▶ **About this task**:
In the records below, find the line that contains "We also have another" and the line that contains "Grounding For Mechanized Systems"; write out exactly those two lines and everything between them, without the pictures.

▶ **Data section**:
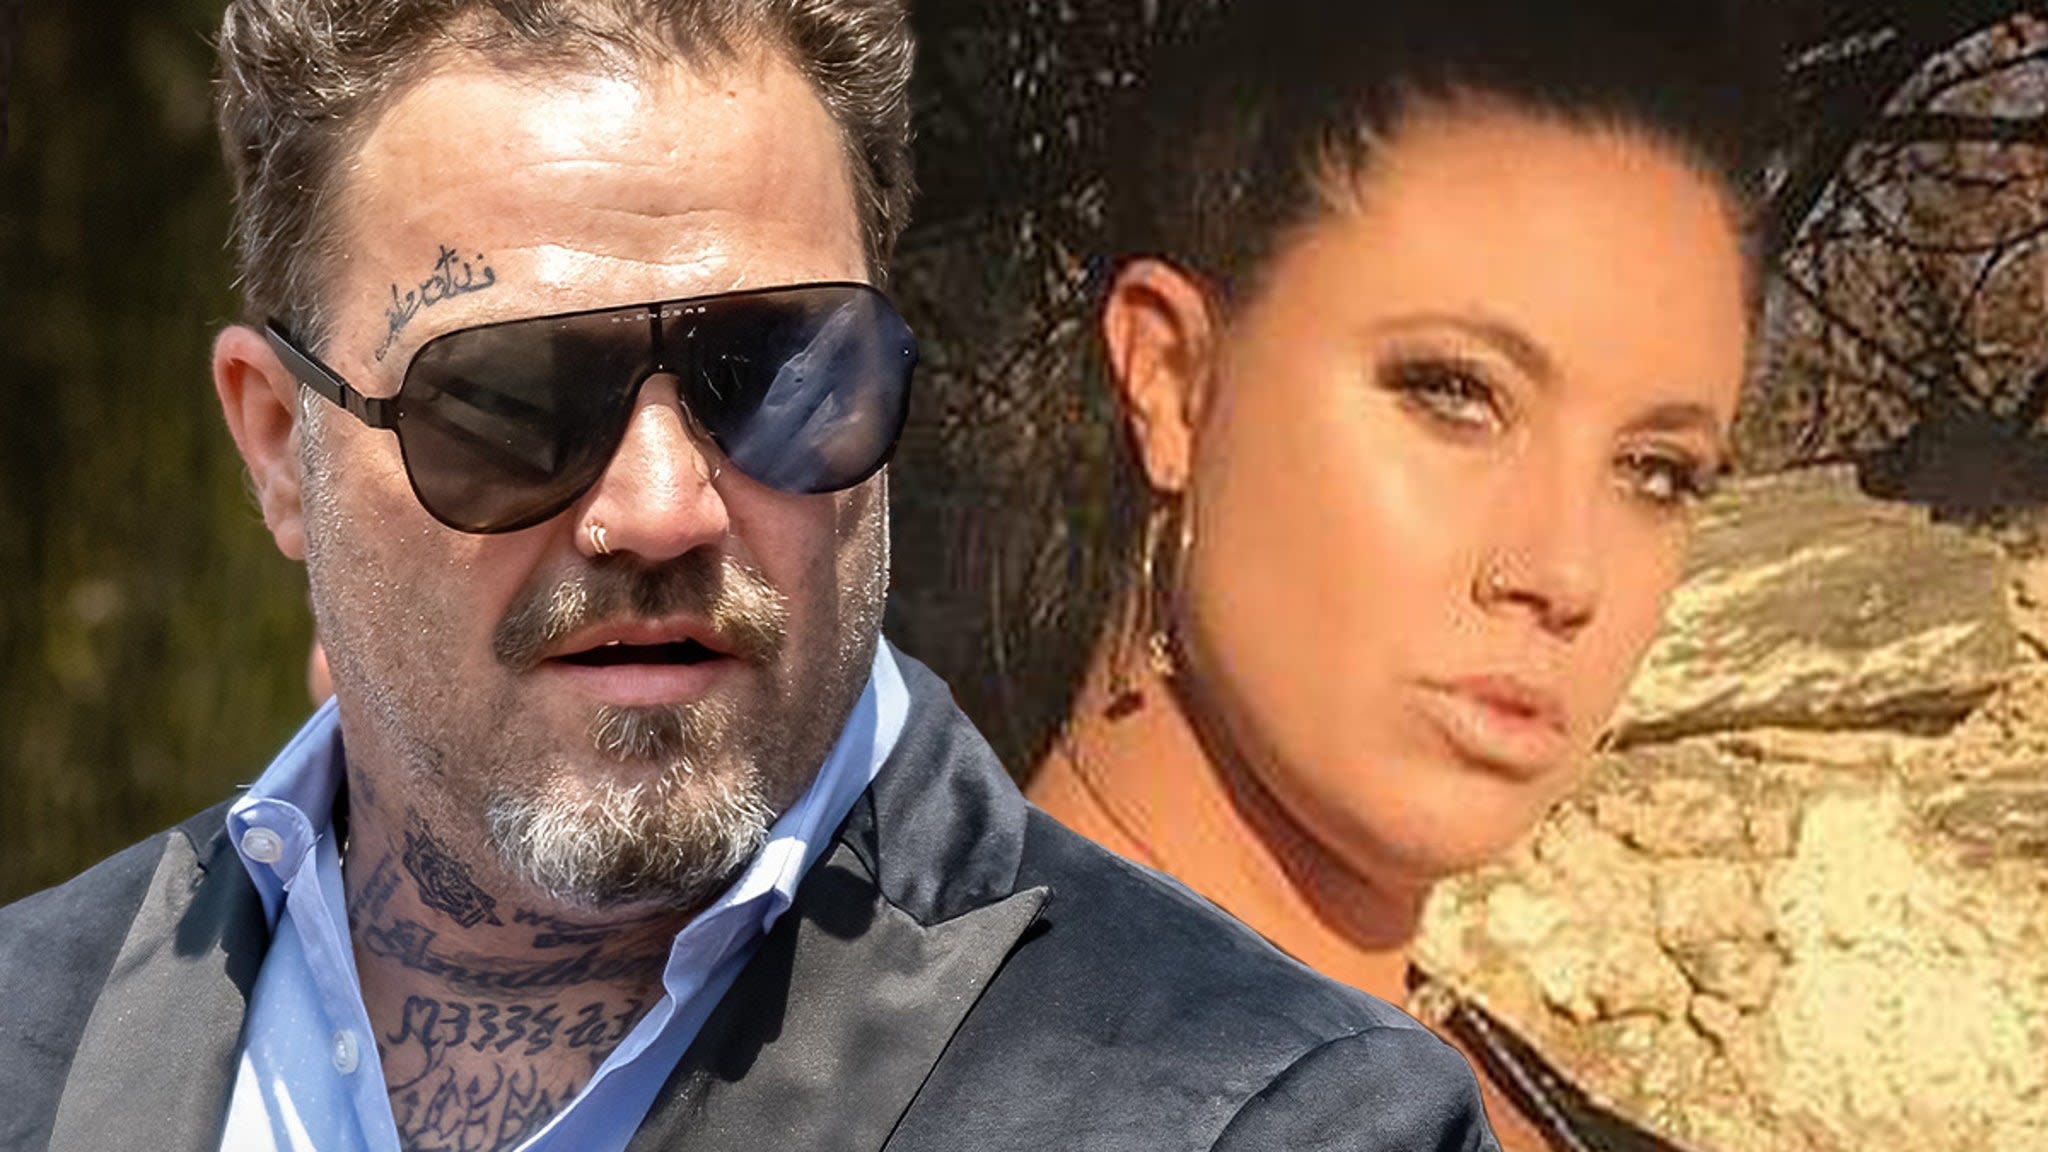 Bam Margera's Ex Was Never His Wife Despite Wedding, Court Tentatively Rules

--

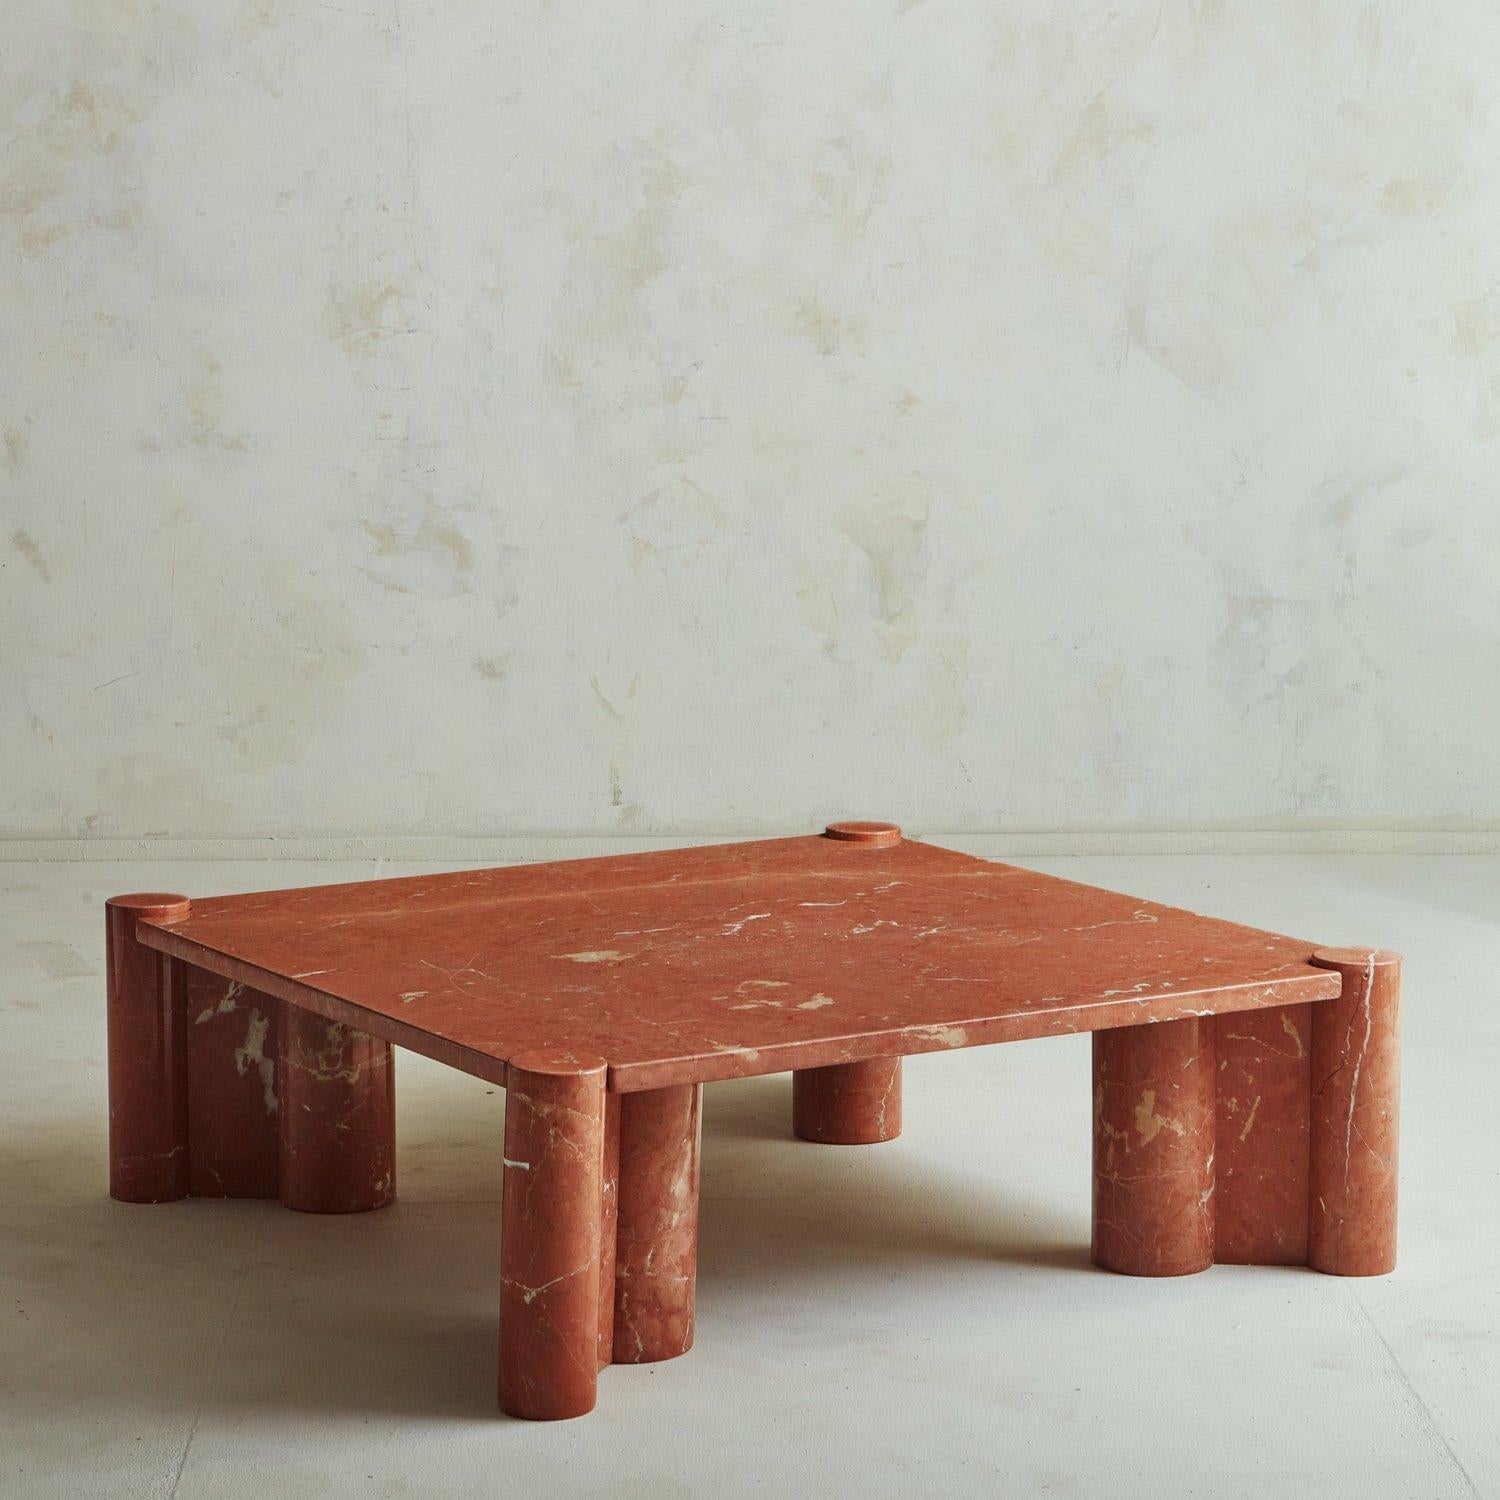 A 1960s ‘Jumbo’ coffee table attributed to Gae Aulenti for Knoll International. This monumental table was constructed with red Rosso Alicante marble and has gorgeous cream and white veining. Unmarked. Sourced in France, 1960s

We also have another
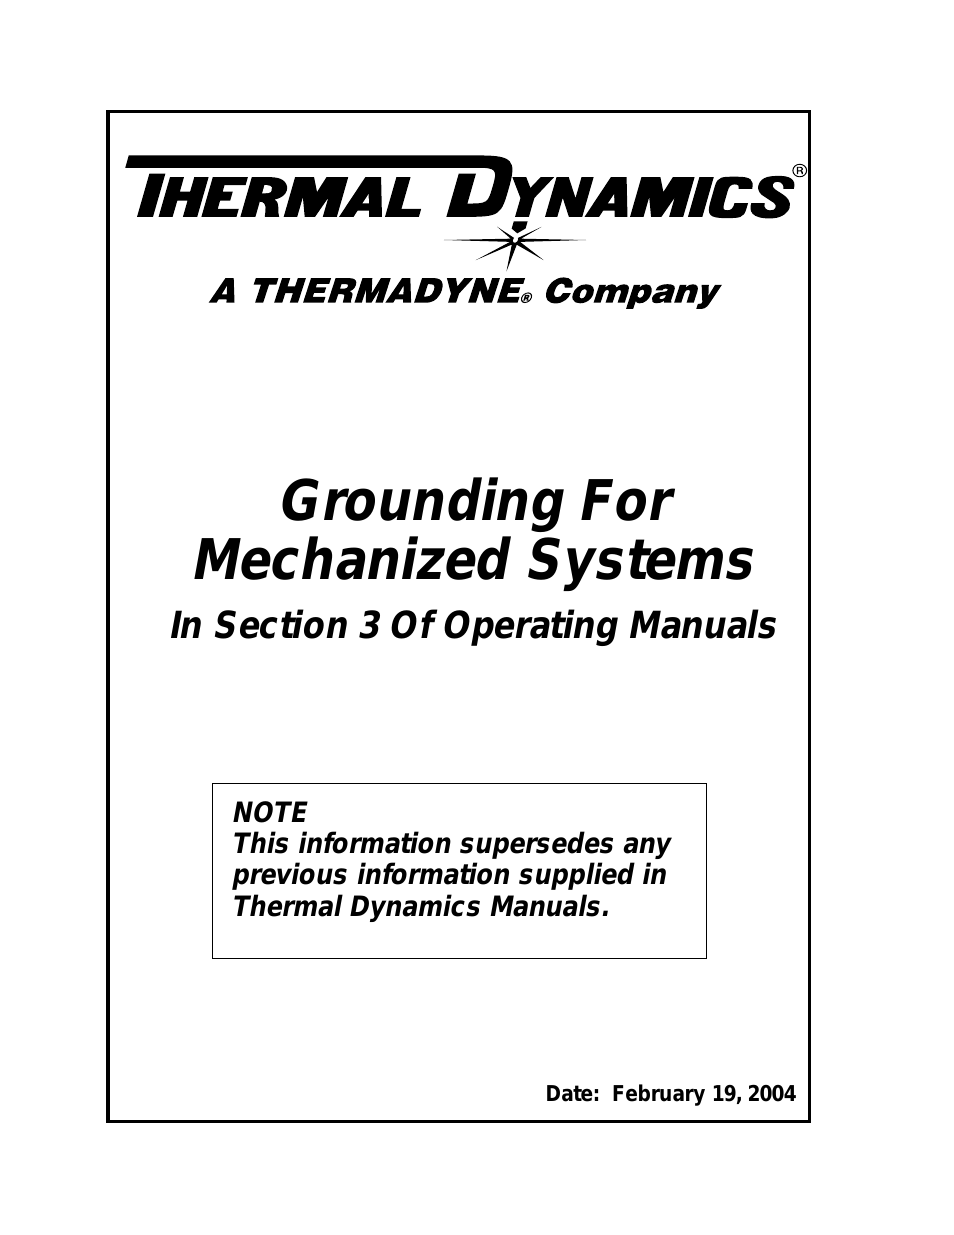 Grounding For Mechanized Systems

▶ **Answer space**:
We also have another
 Grounding For Mechanized Systems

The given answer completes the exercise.